17. Waiver of Jury Trial. THE BORROWER, THE ADMINISTRATIVE AGENT AND EACH LENDER HEREBY WAIVE TRIAL BY JURY IN ANY JUDICIAL PROCEEDING INVOLVING, DIRECTLY OR INDIRECTLY, ANY MATTER (WHETHER SOUNDING IN TORT, CONTRACT OR OTHERWISE) IN ANY WAY ARISING OUT OF, RELATED TO, OR CONNECTED WITH THIS AMENDMENT OR THE RELATIONSHIP ESTABLISHED THEREUNDER.
18. As expressly modified as provided herein, the Credit Agreement shall continue in full force and effect.

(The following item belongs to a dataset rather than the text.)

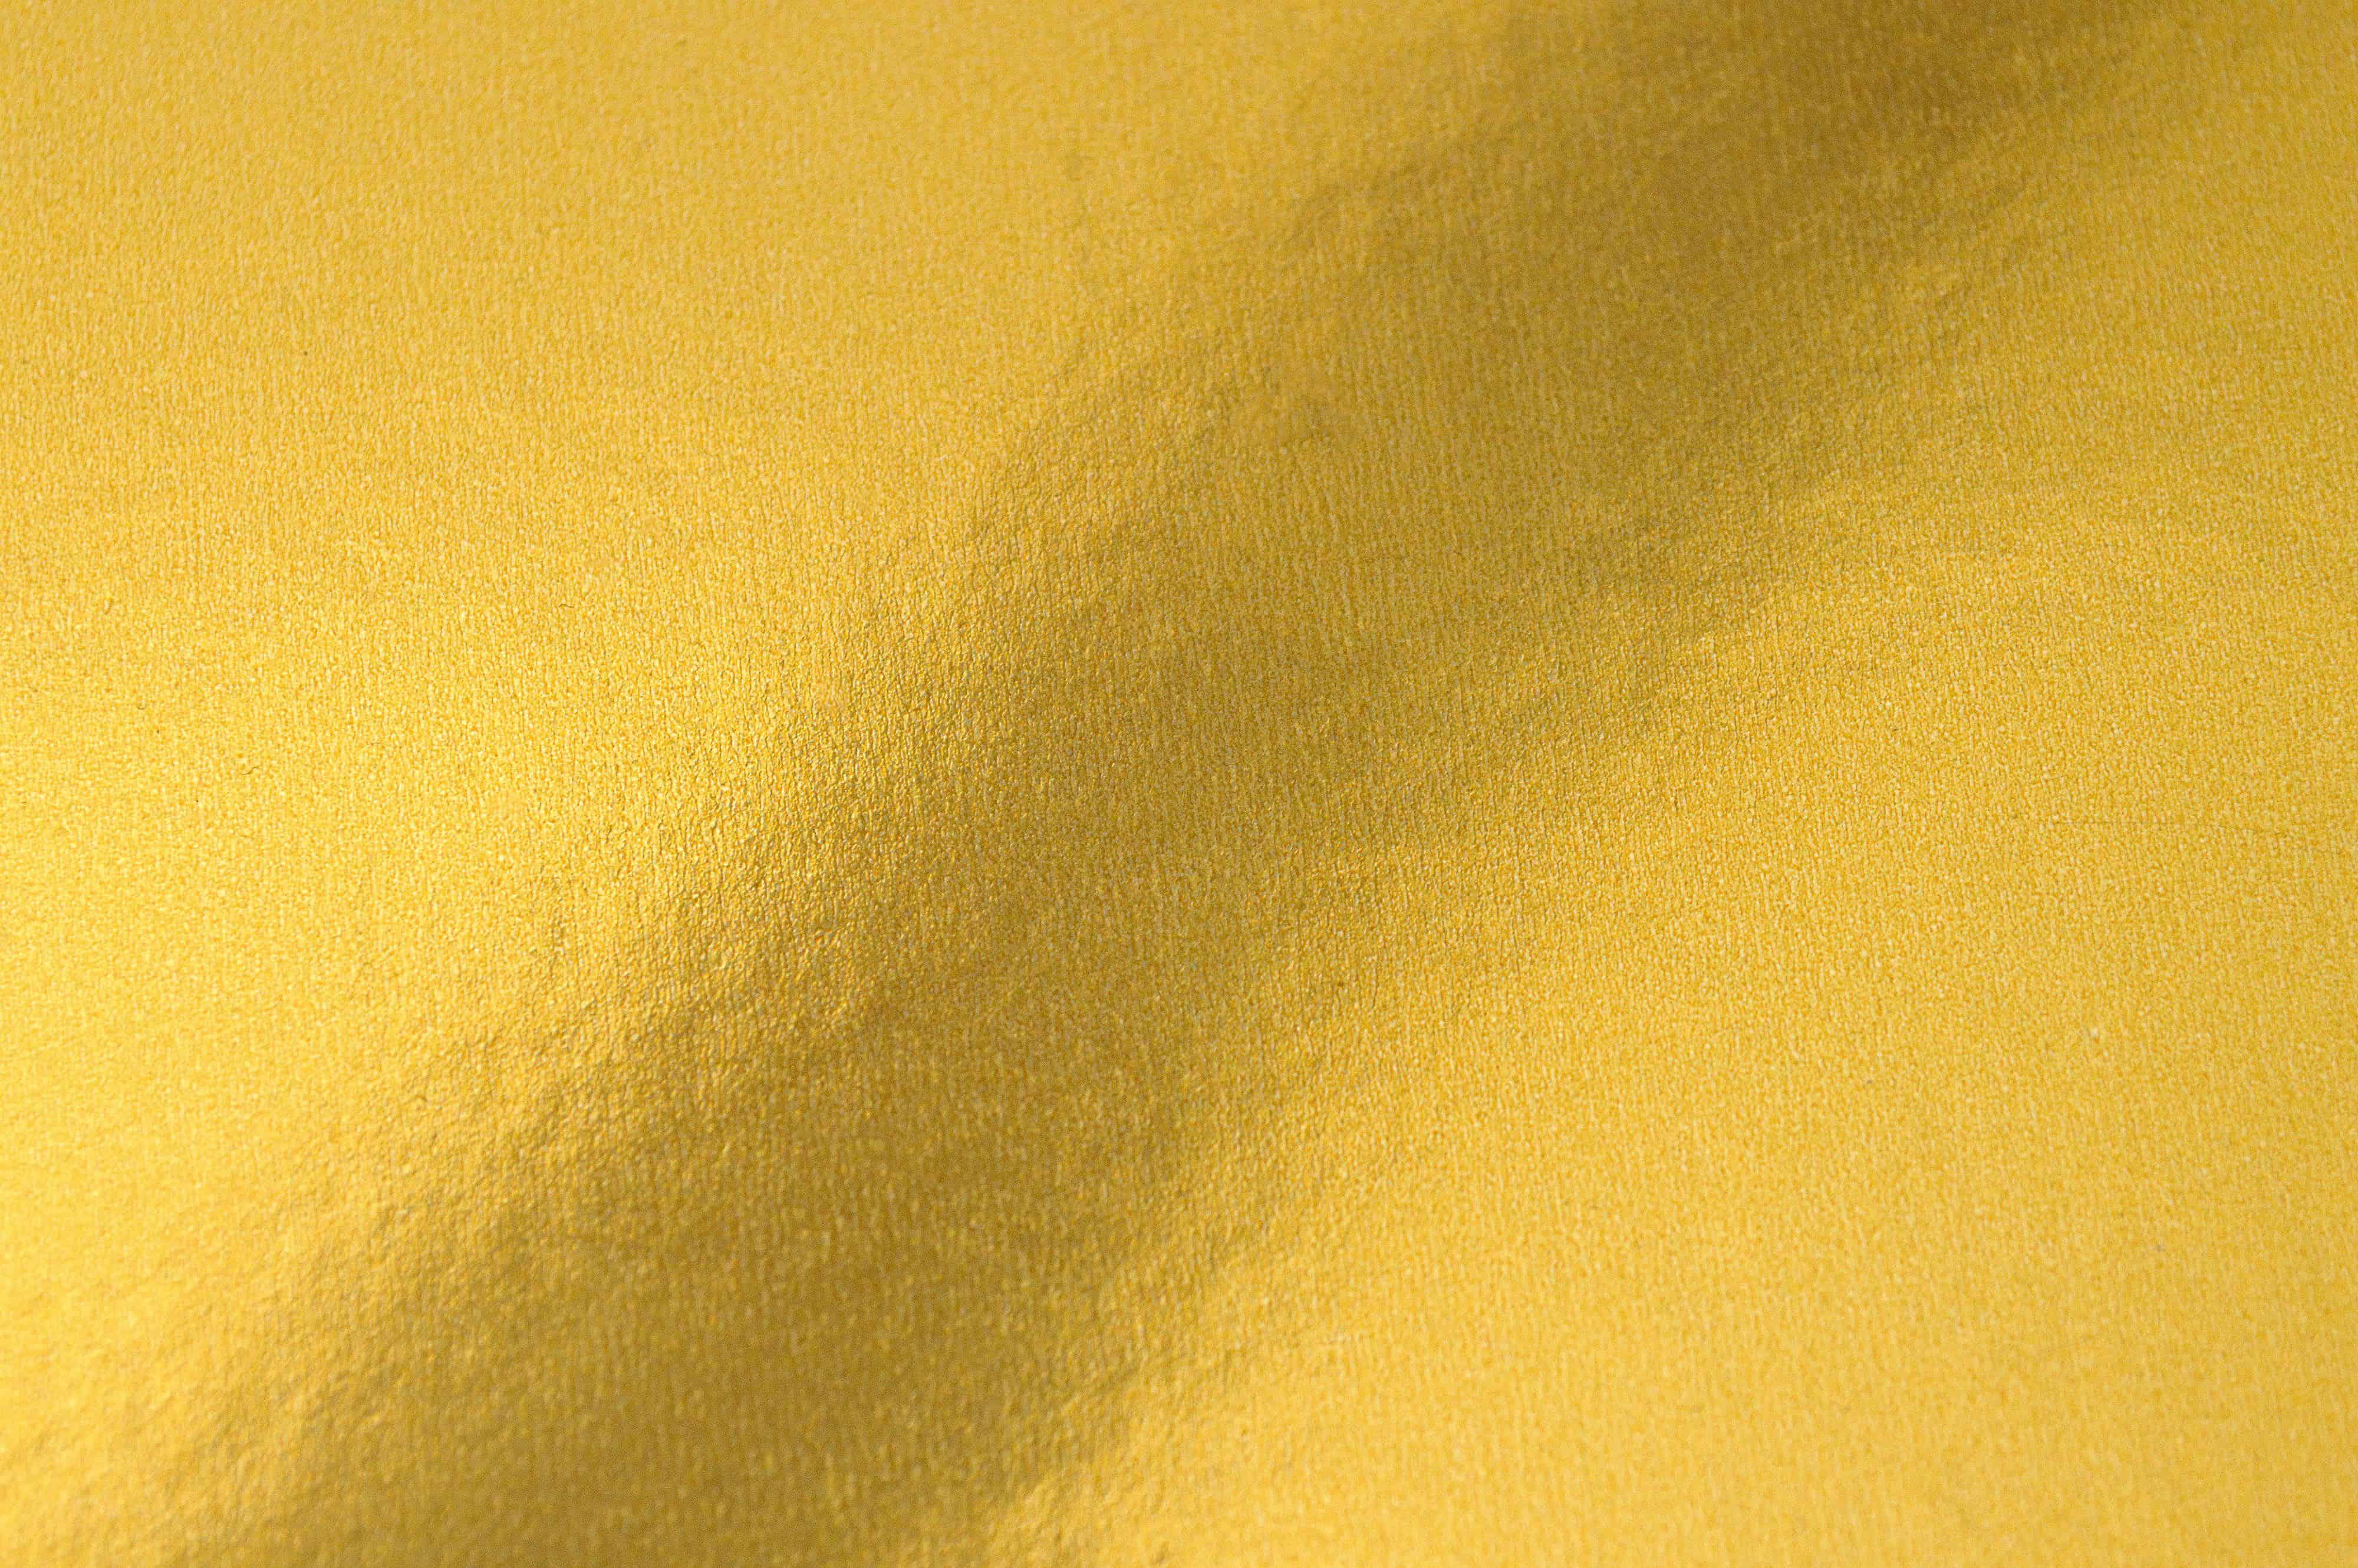 Texture | Gold

19. This Amendment may be executed in any number of counterparts, all of which taken together shall constitute one agreement, and any of the parties hereto may execute this Amendment by signing any such counterpart.
[Signature pages follow.]
IN WITNESS WHEREOF, the Borrower and the Lenders have executed this Amendment as of the date first above written.
BORROWER: | ||
INLAND AMERICAN REAL ESTATE TRUST, INC., a Maryland corporation | ||
By: | /s/ Xxxx Xxxxx | |
Name: | Xxxx Xxxxx | |
Title: | Treasurer | |
Inland American Business Manager & Advisor, Inc. 0000 Xxxxxxxxxxx Xxxx Xxx Xxxxx, XX 00000 Phone: 000-000-0000 Facsimile: 000-000-0000 Attention: Xxxx Xxxxx, Chief Financial Officer | ||
With a copy to: | ||
DLA Piper LLP (US) 000 Xxxxx XxXxxxx Xxxxxx Xxxxx 0000 Xxxxxxx, XX 00000 Phone: 000-000-0000 Facsimile: 000-000-0000 Attention: Xxxxx X. Xxxxxx, Esq. |
The undersigned, being the Advisor which executed that certain Subordination Agreement dated May 8, 2013, hereby consents to the foregoing Amendment to the Credit Agreement and agrees that all references in such Subordination Agreement to the Credit Agreement now mean the Credit Agreement as amended by this Amendment.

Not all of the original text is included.